Q: Biden has emphasized the importance of international alliances.

A: U.S.-Europe ties were strained during the Trump administration, so I think the desire to patch up those ties will be strong. Although Biden has said the United States is making a comeback, this will only be to the extent that this matches with U.S. interests. Returning to a more collaborative approach does not necessarily mean listening to everything the other side says.

Q: Many observers believe U.S.-China friction will continue.

A: China will remain an extremely important strategic challenge for the United States. This is the case for every political party. It would not be sensible to stumble into an inextricable standoff with China that has shades of the Cold War. By the same token, a deterrent should be maintained against China and steps taken to ensure Beijing does not misunderstand the U.S. posture.

China has been expanding its maritime footprint, including in the South China Sea and waters around the Senkaku Islands in Okinawa Prefecture. This issue closely affects Japan. During their telephone talks held Nov. 12, Suga and Biden agreed that Article 5 of the Japan-U.S. Security Treaty (see below) — which stipulates the U.S. obligation to defend Japan — would apply to the Senkaku Islands, and that both nations would work together to realize a “free and open Indo-Pacific” region. The hard part will be specifying what closer cooperation would entail, so it does not end up as an empty slogan.

Q: What should Japan’s role be?

A: Japan can offer its advice and opinion to the United States on matters pertaining to China relations. Japan does not need to say it will “mediate,” but it could offer China suggestions. In fact, I think it should.

The view that Japan prefers the Republican Party is incorrect. Japan’s position is that it can cooperate with any party, whether it be the Democrats or the Republicans. That will best serve Japan’s interests.

(Interview conducted by Yomiuri Shimbun Staff Writer Seima Oki)

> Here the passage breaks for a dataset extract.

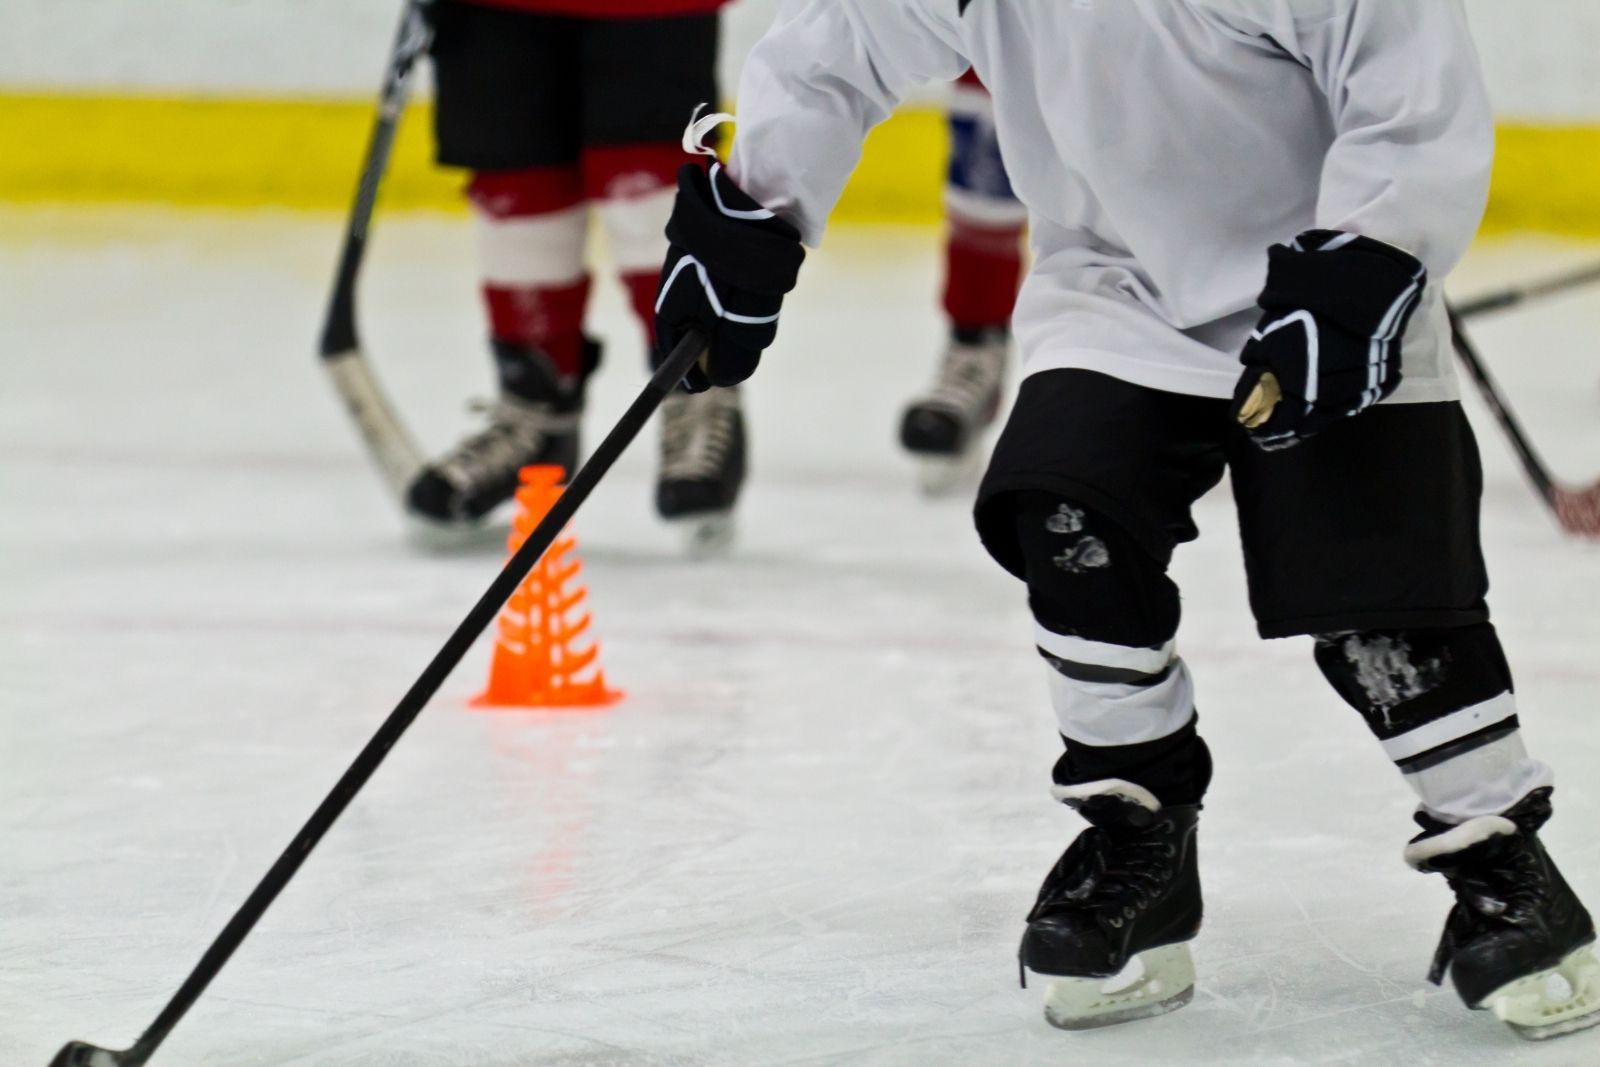 hockey drills 6 year olds

Japan-U.S. Security Treaty’s Article 5

This article, which spells out the U.S. obligation to defend Japan, stipulates that each nation recognizes that an “armed attack against either party in the territories under the administration of Japan would be dangerous to its own peace and safety and declares that it would act to meet the common danger.” In 2014, Barack Obama became the first U.S. president to publicly state the Senkaku Islands in Okinawa Prefecture were covered by Article 5. President Donald Trump confirmed this position during a Japan-U.S. summit meeting in February 2017.

Kenichiro Sasae

Sasae held Foreign Ministry posts including director general of the Asian and Oceania Affairs Bureau and vice minister. He was ambassador to the United States from 2012 to 2018, when he represented Japan during the administrations of President Barack Obama and President Donald Trump. Sasae has been president of the Japan Institute of International Affairs since June 2018. He is 69.